I have a 400 cubic inch engine with a 4 barrel-its an automatic

I’m not super mechanically inclined just want my car back and running the way I hoped it would be by now.

Thanks for any help you can offer.


----------



## PontiacJim (Dec 29, 2012)

Bobs1971 said:


> NEED YOUR HELP ON AN ISSUE
> 
> I have a question for you. I went to a shop in town to change my gears (rear axle) out from the freeway flyer gears I have to something that will help me leave the line a little quicker. The shop ordered new gears and bearings for my 1971 GTO and then waited a little to install because of work in front of my car. Well when they pulled my rear axle apart they learned that I had a 1970 axle not a 1971 and the parts they ordered (gears and bearing) do NOT fit and bolt into place. The shop bought 3.44 gears and I had 2.56 gears in my factory rear axle. I am being told they cannot find gears for my 1970 axle so the shop is trying to source a 1971 housing for the differential so the parts acquired will bolt into place.
> 
> ...


You are not really giving us enough info to answer your question.

Assume the rear-end is a 10-bolt rear end. A Pontiac 10-bolt is a Pontiac 10-bolt. It is called and 8.2 because the ring gear is 8.2" in diameter. They are the same up to 1972.

However, there is a later 10-bolt that came out in 1971 that was used by Olds & Buick and later by all GM cars - it is an 8.5 10-bolt because the ring gear is 8.5" in diameter.
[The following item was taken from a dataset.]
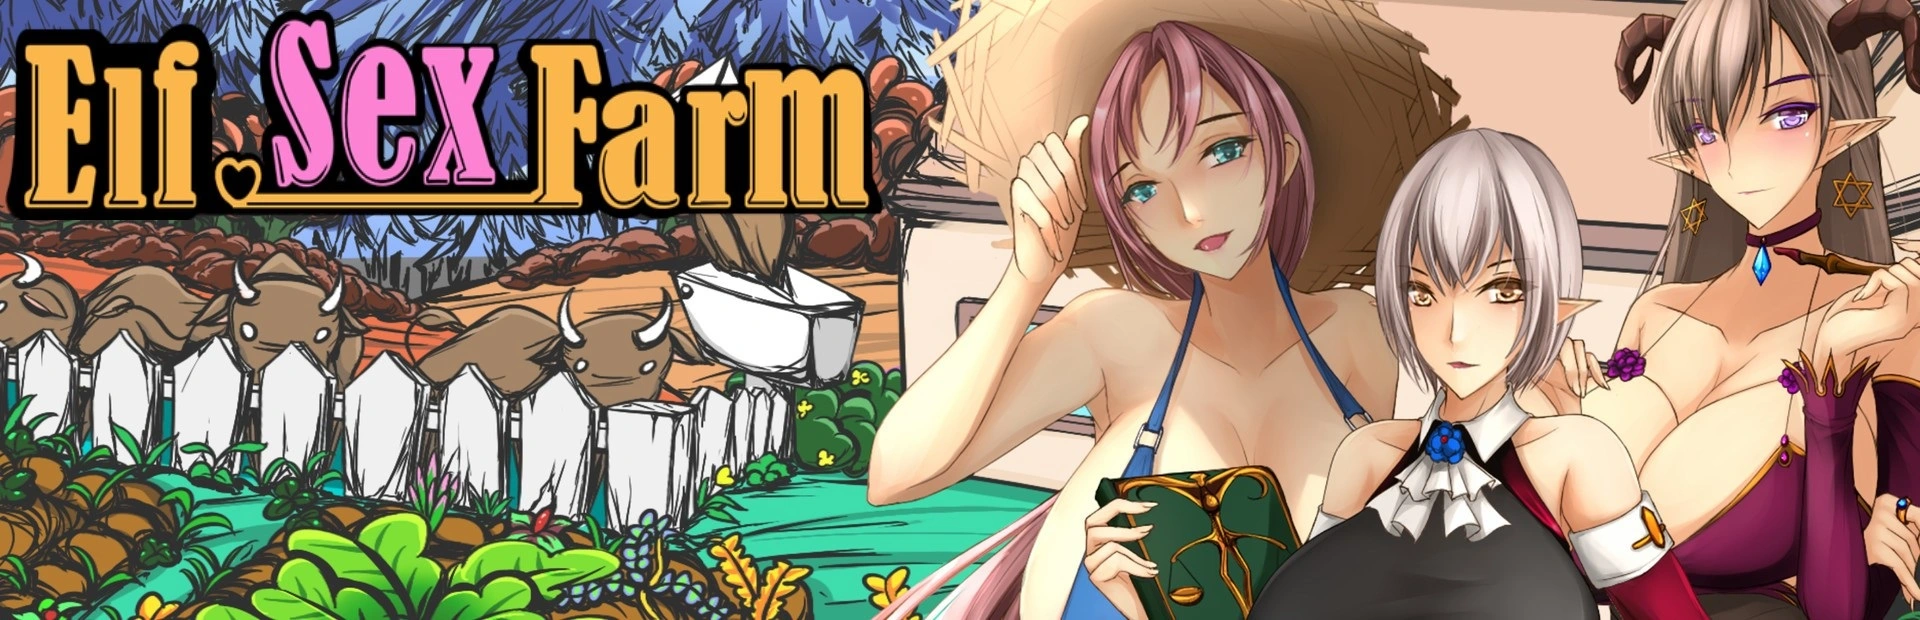 Elf Sex Farm main image

The 8.5 10-bolt became the "corporate" rear end for GM so it can be found under most GM cars basically from 1972 and up.

First question - Obviously your 10-bolt rear end has been changed? You have a 1971 car and the garage is saying you have a 1970. Did the shop have to unbolt the 4-bolts that hold the retaining plate that holds the axle into the center section (called the carrier)? If they had to unbolt the 4 bolts and pull the axle, it is a Pontiac rear end. IF they had to remove the "C-Clip" at the carrier in order to pull the axle out, then it is a Chevrolet 10-bolt rear end, and not a Pontiac rear end. Chevy is different than a Pontiac. So we need to know how the axle had to be removed - 4-bolts & metal retainer, or C-clips.

The axle is stamped with an axle code that will identify it, as well as a casting number, and a casting date. All these can be used to identify what rear end you have - Pontiac/Chevy, axle ratio, year the rear end was made. If they work on rear ends for a living and do gear changes, they should be very versed in knowing this kind of thing.

Axles have splines that get inserted into the carrier. They can be 28, 31, or 35 splines depending on the rear being a standard/regular production rear end (28 splines), high performance (31 splines) and aftermarket for racing (35 splines). But I believe you are using the term "axle" to mean rear end, correct?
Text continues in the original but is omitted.